Our results relative to MA are in agreement with some of previous studies that have observed age-associated changes in VL (Kubo et al. 2003b; Strasser et al. 2013). Muscle thickness and Lf of older participants were observed to be 15.1 and 14.1 % smaller than those of young participants, respectively. On the other hand, we did not observe a difference in Ɵ and this result is supported by the findings of previous studies (Karamanidis and Arampatzis 2005, 2006) but contradicts several other studies (Kubo et al. 2003a, 2003b). An explanation for the above inconsistencies may be due to the difference in the population considered in terms of age and sample size.
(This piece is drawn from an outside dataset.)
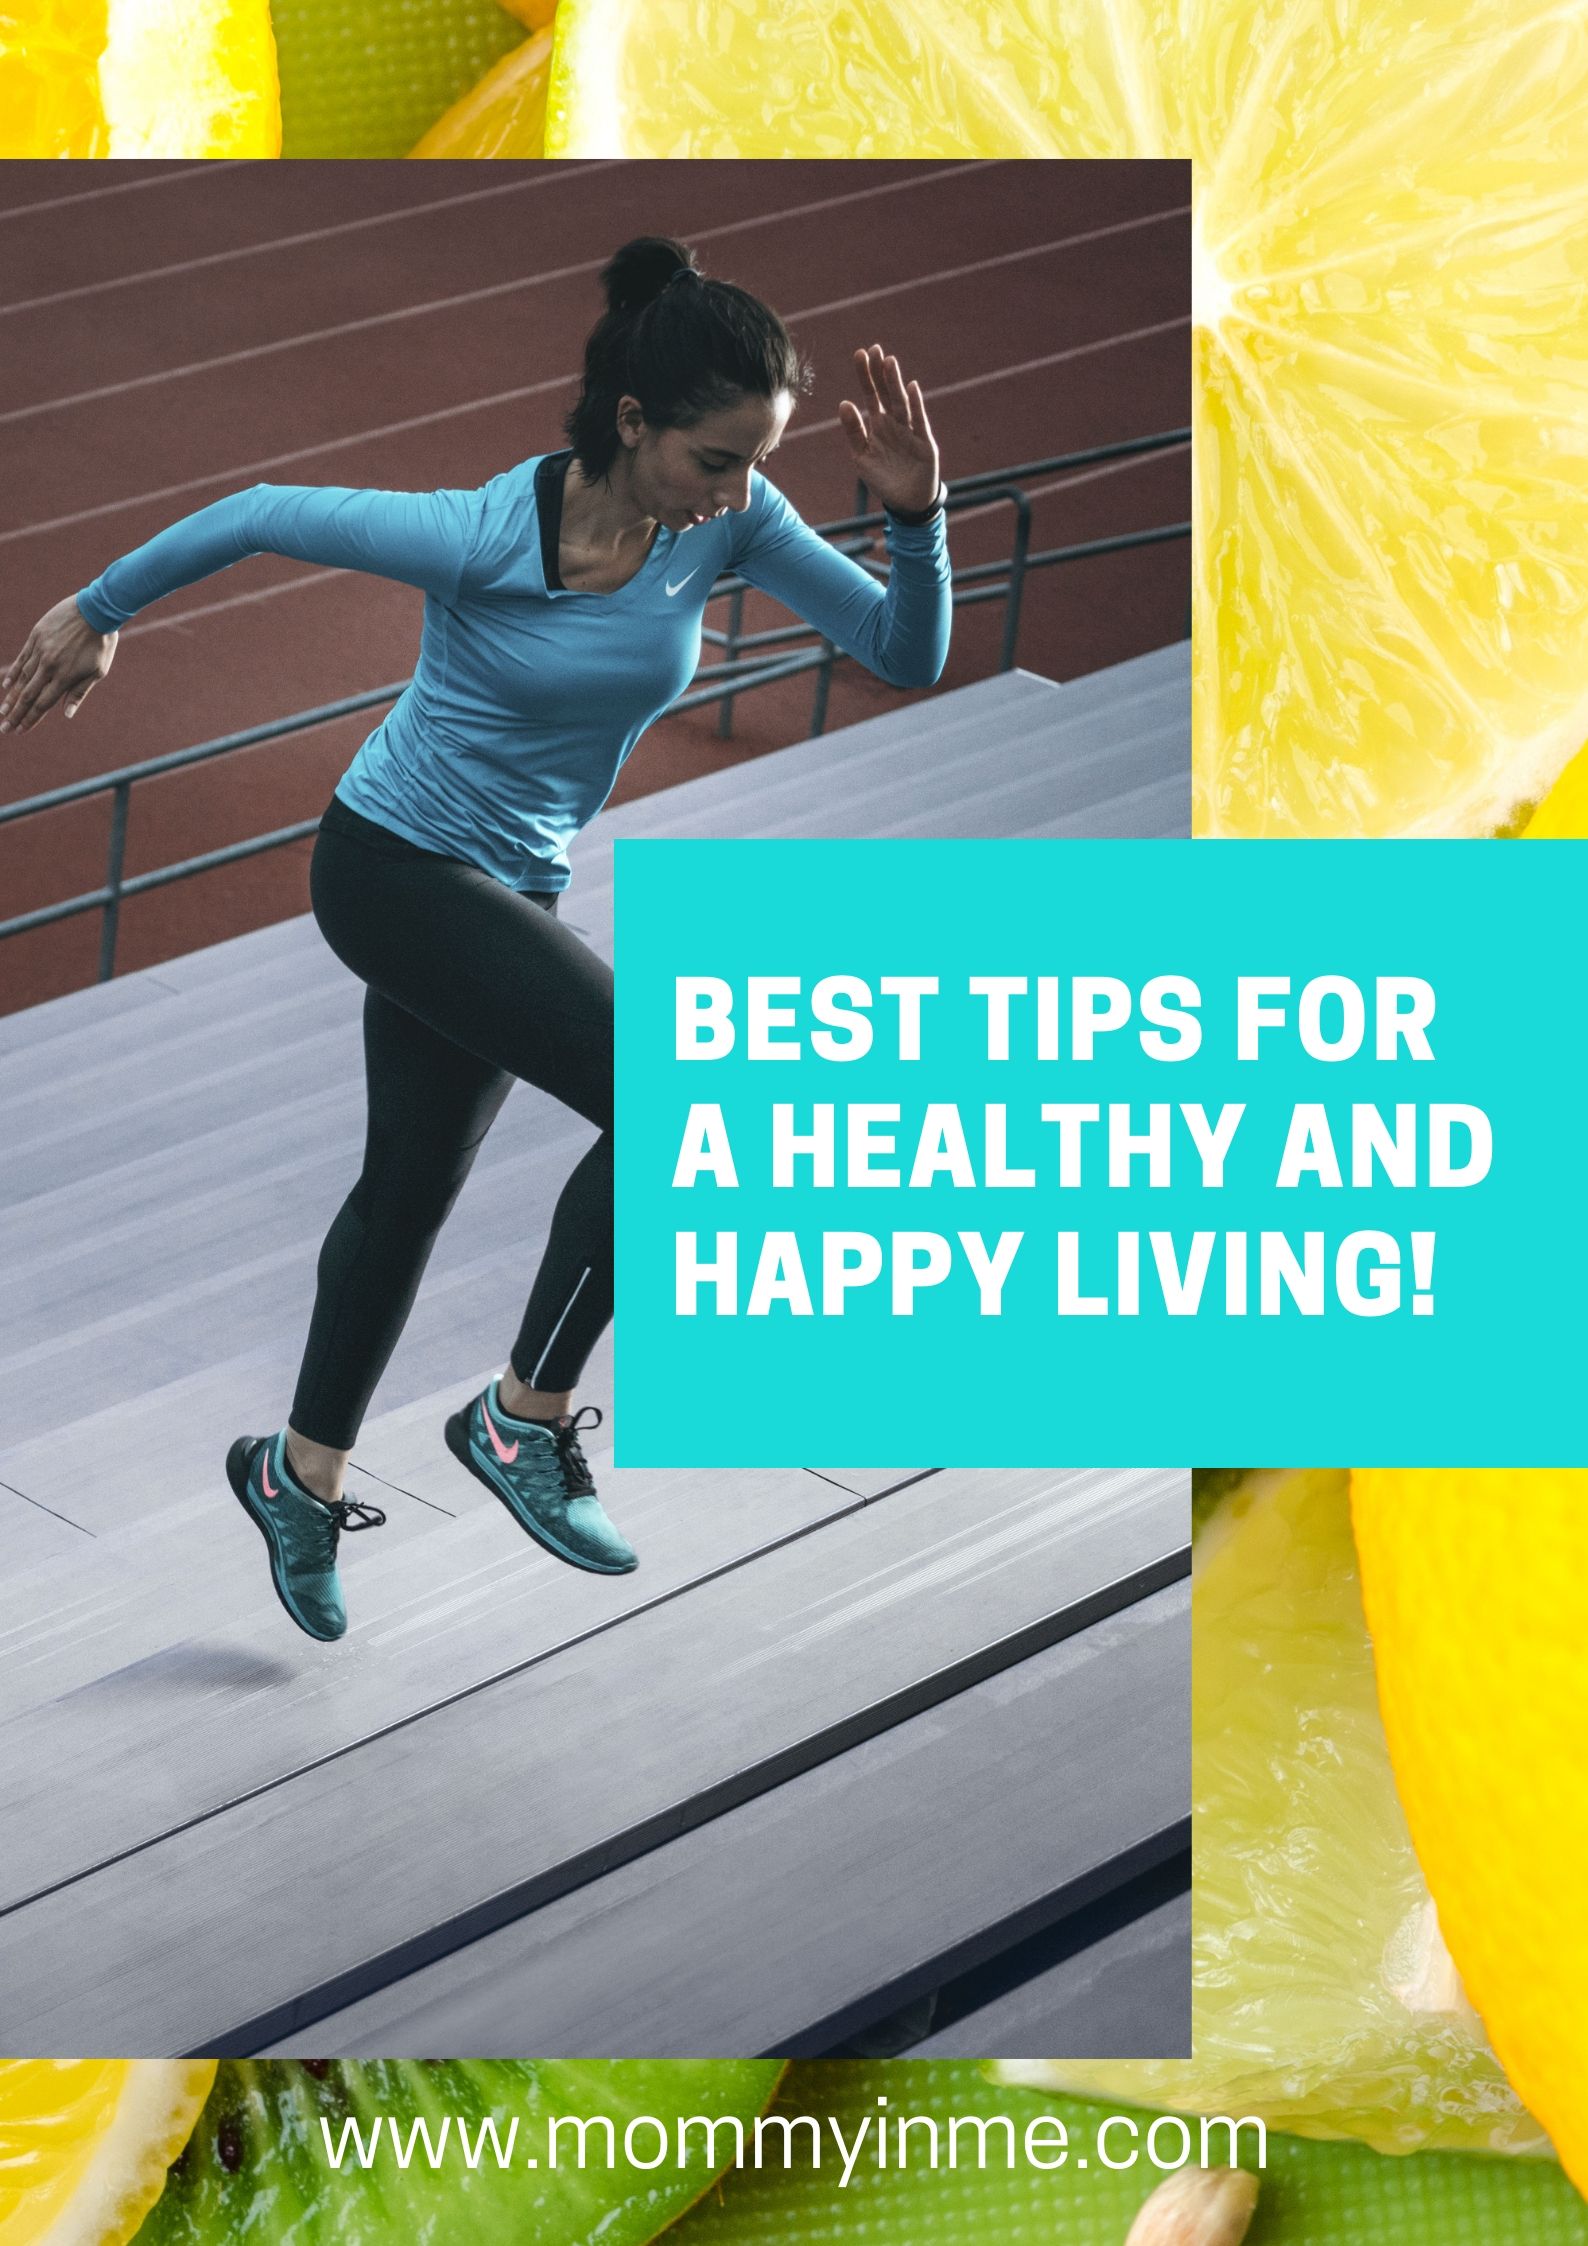 We all are running errands to leep up with our lifestyle and while going healthy is a way now, we need to know basic tips to lead this life. Here are some tips for living a healthy lifestyle in a minimalistic way #healthyliving #proteinrichfoods #dietarysupplements #supplements #water #stretching #exercise #workout #simpleliving

Studying participants up to the 8th decade with a large sample size (121 participants) revealed an age-related decline in Ɵ for VL (Kubo et al. 2003b), but a similar Ɵ was observed by analysing participants up to the 6th decade with a smaller sample size (49 participants) (Karamanidis and Arampatzis 2006). Greater muscle thickness and Ɵ can lead a given area of tendon or aponeurosis to link to more contractile tissues, which depends on the number of sarcomeres placed in parallel, hence generating higher relative force (Powell et al. 1984). In turn, longer fascicle length can exert faster shortening velocities and extend the length range of force development, which depends on the number of sarcomeres placed in series (Stafilidis and Arampatzis 2007; Strasser et al. 2013). Hence, our study would suggest that with age more sarcomeres are lost in series than in parallel. The more consistent drop with ageing observed for RTD with respect to KE MVIC found in the present study could bring consistency to the observed MA alterations (i.e. reduction in Lf). Indeed, it has been often demonstrated that explosive force characteristics (i.e. RTD/RFD) may decrease during ageing to a greater magnitude than maximal isometric strength (Ditroilo et al. 2010; Ditroilo et al. 2012; Thompson et al. 2013). Therefore, the observed shorter Lf in old muscle, by decreasing the shortening velocity, could represent an important factor contributing to the reduced RTD.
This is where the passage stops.